The Backside of Mt. Baker as seen from Highway 9 near Van Zandt, WA

So I’m currently shaping a daily routine for practice. As you may or may not know, I used to do the whole SGI thing, but left that behind. Now, I am attempting to set up something meaningful and unique that also fits within the scope of the rest of my life. I’ve been trying this out for the past few days (I missed a couple due to time issues coupled with exhaustion) and here is what I have so far:

First, a little stretch. I am probably the least flexible human being on this planet. Even thinking about sitting in full-lotus caused my groin to scream. My hips, legs, back are all in need of a good workout. I found this little routine on Tricycle blog that is supposed to help work/stretch the muscles needed to sit full-lotus. So I start with this. I try to hold each posture (an extremely modified version of each one) for 1 minute, then move on to the next. Next week, i’ll up it to 2 minutes, the week after that, 3 minutes. I’ll try to hold each one for 3 minutes for a while, and see where that takes me.

I’m thinking about adding in a bit of exercise here. Sit-ups, push-ups, yoga, getting on my elliptical. Something, but I don’t know what yet. I just know that my body is out of shape, and I need to do something about it. Sitting for 8+ hours a day at work is taking a toll on my body, and it needs to end.

Next, I chant. I still have all my materials from SGI, so I just chant a couple of chapters of the Lotus Sutra, and then dive into some diamoku. Now, when genuine Nichiren practitioners chant, there is meaning and purpose behind it. For me, I’m trying to use it as simply a meditative tool. Also I still struggle with the Japanese, so that adds a little humility to my practice. Maybe in the future I’ll try chanting something else. We’ll see.

At the end of chanting diamoku, SGI members typically offer 3 prayers that have been written down. Not one of them ever really spoke to me. They all have to deal with the organization and beliefs held within Nichiren Buddhism. Usually I would just try to clear my mind, or offer a prayer for the well-being of my family during that time. I decided that this needed a more personal approach, and so the other night I wrote out the following two “prayers” that I think I will use from now on:

I am of the nature to grow old. There is no way to escape growing old.
I am of the nature to have ill health. There is no way to escape ill health.
I am of the nature to die. There is no way to escape death.
All that is dear to me and everyone I love are of the nature to change. There is no way to escape being separated from them.
My actions are my only true belongings. I cannot escape the consequences of my actions. My actions are the ground upon which I stand.

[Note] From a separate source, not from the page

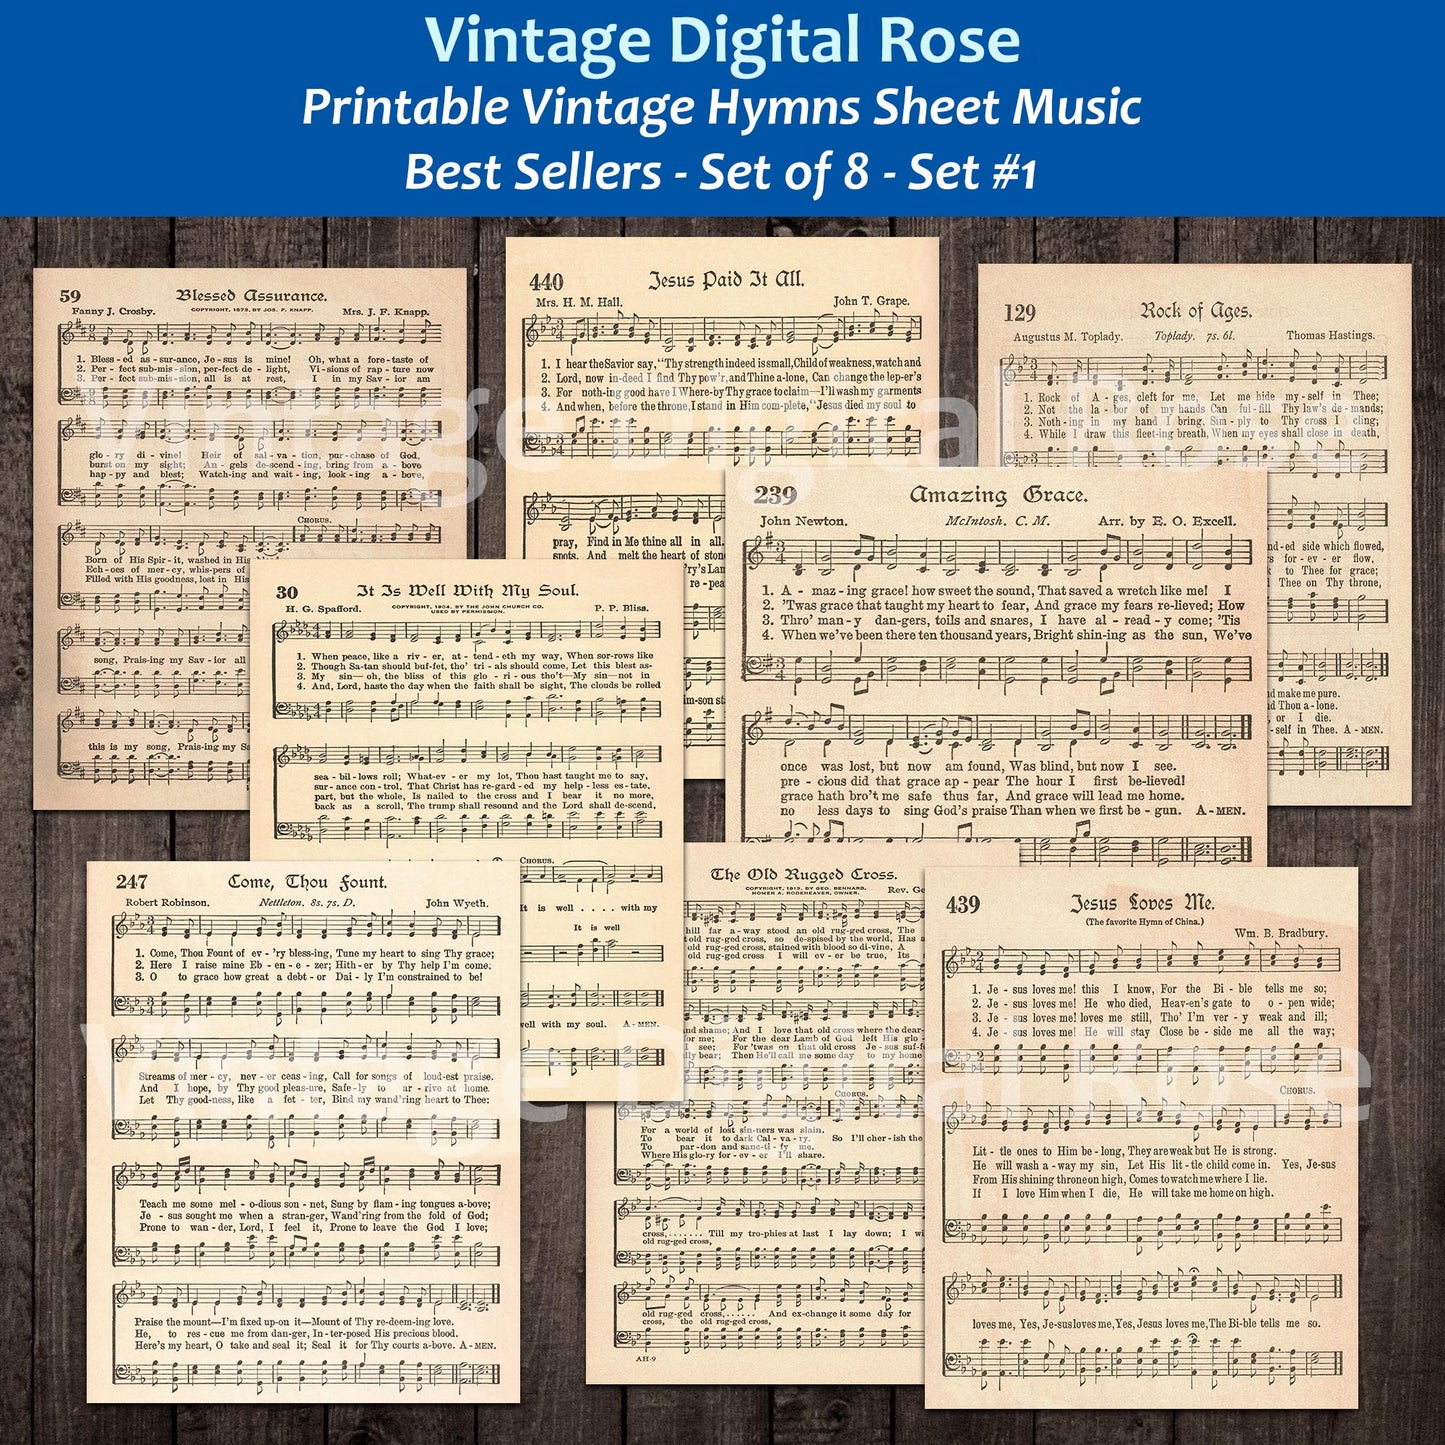 Printable Vintage Hymns Set of 8 Sheet Music Best Sellers Top Songs - Set #1

All evil karma ever created by me since of old
On account of my beginningless greed, anger, and ignorance,
Born of my conduct, speech and thought,
Now I atone for it all.

The first one is the Five Remembrances. They are a reminder that life is short, it is not to be wasted. They are a reminder that life is temporary and frail. They are a reminder that we must love and love now, for there may not be a tomorrow. They are a reminder that our destructive acts in this life have profound consequences in this life. They are a reminder that compassionate acts in this life have profound consequences in this life.

The second one is The Gatha of Atonement, something the Zennies apparently recite frequently. I first saw it on John’s blog, and thought then how I would like to use this in some way. It kind of speaks for itself I think. It is a way to reflect on how much strife I’ve caused in my life. Upon examination, I can come to see how unskillful that behavior was, and in the future abandon such behavior. And sometimes it helps to say I’m sorry, even if no one is listening.

If anyone has a suggestion for a third one, I’m all ears.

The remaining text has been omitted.